Disc Three of The Epic is subtitled “The Historic Repetition”, and that really says it all about Washington’s project. Kamasi Washington is fully versed in hip-hop and how jazz might share/blend with/already be the new music’s innovative heart. But that is not what this project is about.

On the last third of The Epic, Washington is more innovative and more historical at the same time. “Re Run Home” repeats a theme from Part Two but adds funky Clavinet to a groove powered by two drummers at once, plus percussion. The open-ended funk owes a little to today’s jam bands and a whole lot to all of the influences that the rest of the disc is so in love with. Next, Washington radically recasts the Ray Noble super-standard “Cherokee” with a combination of doo-wop introduction, a funky horn-driven rhythm feel that could come from the Meters, and a sunny AM pop radio vibe. It’s a winner that works much like the Fats Waller conversions that Jason Moran dreamed up on his last project.

Washington’s version of French impressionist composer Debussy’s “Claire de Lune” casts the impressionist classic as a greasy 12/8 ballad that winds itself into a frenzy of voices, strings, and expressive piano over time.

“Malcolm’s Theme” nods to hip-hop at least in the sense that it mashes up Ossie Davis’s famous eulogy for Malcolm X, set to Washington’s melody for two voices, with a recording of Malcolm himself speaking over a swirl of acoustic jazz. But the truth of even this cut is that its sensibility sits squarely in Malcolm’s time: the jazz of Coltrane and his disciples, of which we must now count Kamasi Washington. It’s not that the music is not adventurous and rich in power and creativity, but just that it finds its power in harkening back to a specific period between 65 and 45 years ago.

But, Maybe, What’s to Come…

The last track on The Epic is my favorite. “The Message” isn’t all that different from what precedes it. It features of core ten-piece band: the front line of three horns, the two keyboards and two basses (each acoustic and electric), plus twin drummers and hand percussion. The theme is a punching brass blues melody that sits over a throbbing Latin groove in 7/4 time.
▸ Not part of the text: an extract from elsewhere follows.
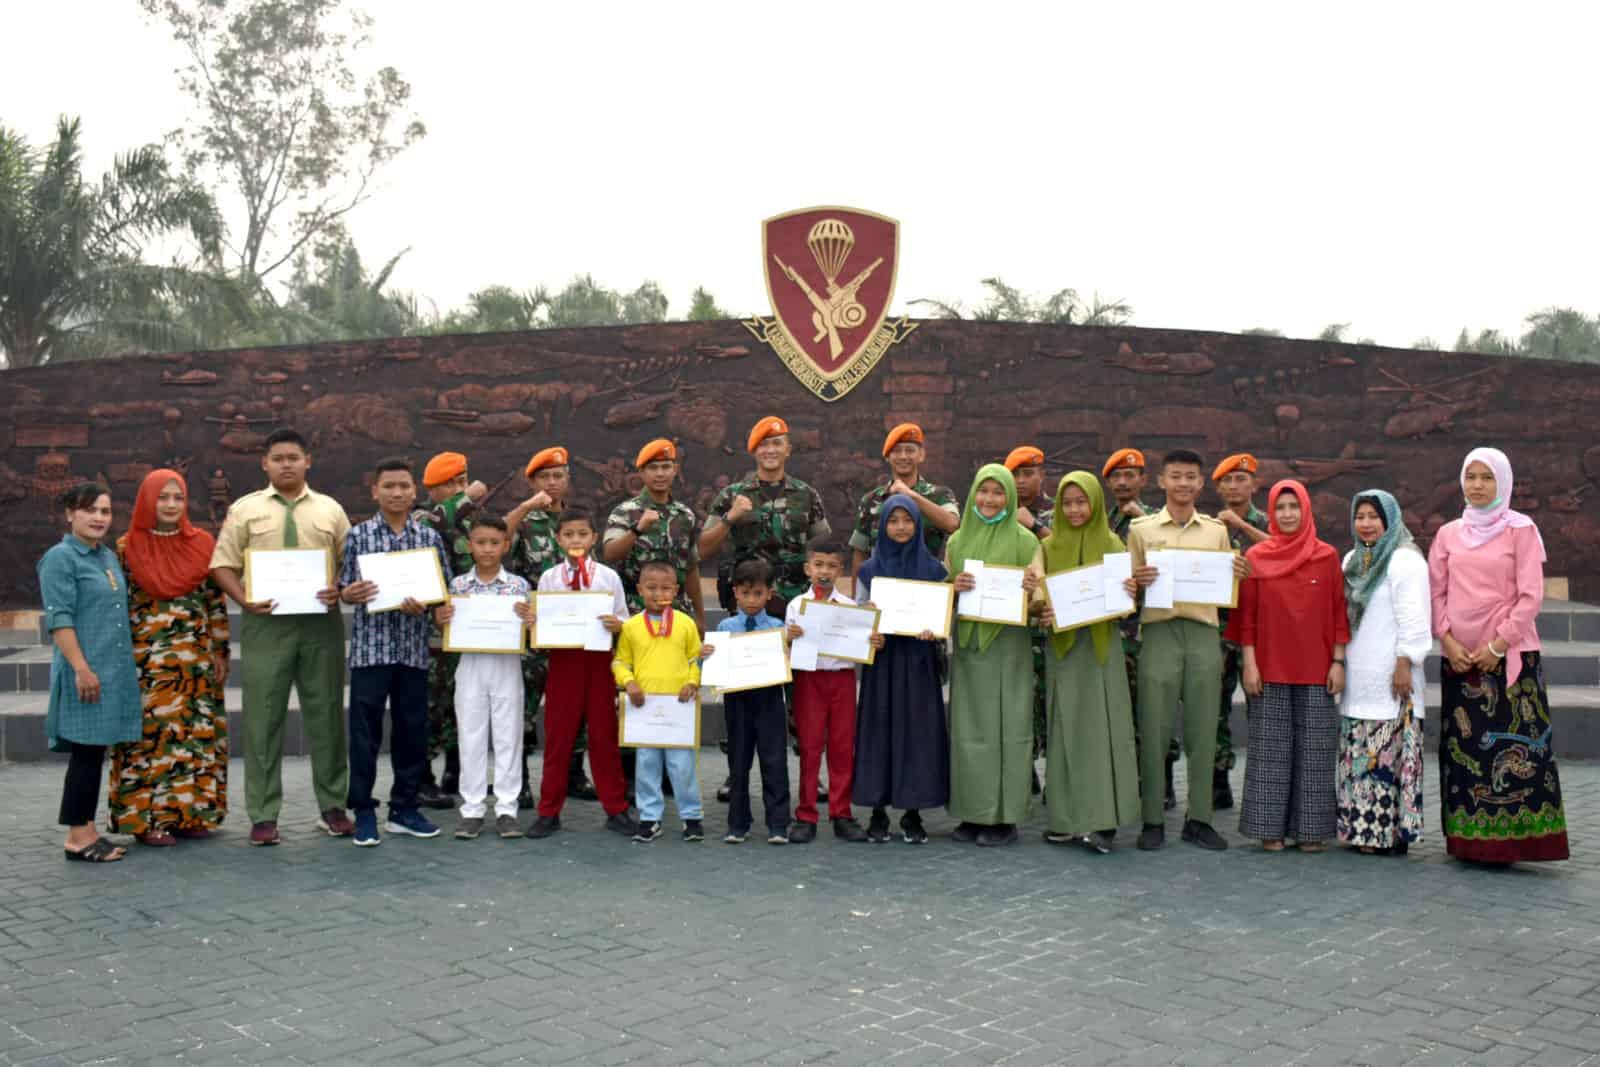 Danyonko 462 Paskhas Berikan Penghargaan Kepada Anak Prajurit Yang Berprestasi

In several respects it leans forward and suggests the music is still to come from Washington. Keyboards feed otherworldly squeals into the sound with a certain artful atonality, and Thundercat’s bass solo attacks the song’s structure without traditional jazz phrasing. Washington’s solo here pushes outward like Pharaoh Sanders, no doubt, but it also feels more individual and distinct, less like a recreation and more like a reclaiming for a new purpose. The polyrhythmic blend of drummers, percussion, and the percussive keyboard attacks is not hip-hop — it is most certainly jazz — but it comes at an old jazz virtue with the awareness of how hip-hop sampling and hip-hop rhythmic attack updates that tradition.

Will Washington continue to make music that leans so heavily on a similarity of much older music? I doubt it. His utterly contemporary associations and affiliations certainly suggest rich territory for moving ahead. I suspect that the real masterpiece from Washington is a few years ahead.

In the meantime, I don’t at all dislike The Epic, and I think that it is commendable in how it grounds its creator in his roots even as it feints toward the future. Though Kamasi Washington is already a mature artist, this was his first complete solo recording, and I deeply respect its humility if not its length, which perhaps was excessive. If it wasn’t in my top handful of 2015 releases, these are the reasons why. But also the reasons why may not want to ignore it.

Note to fans of the great David Simon’s Treme: the string section on The Epic includes, quite anonymously, violinist Lucia Micarelli, who played Annie on the HBO series.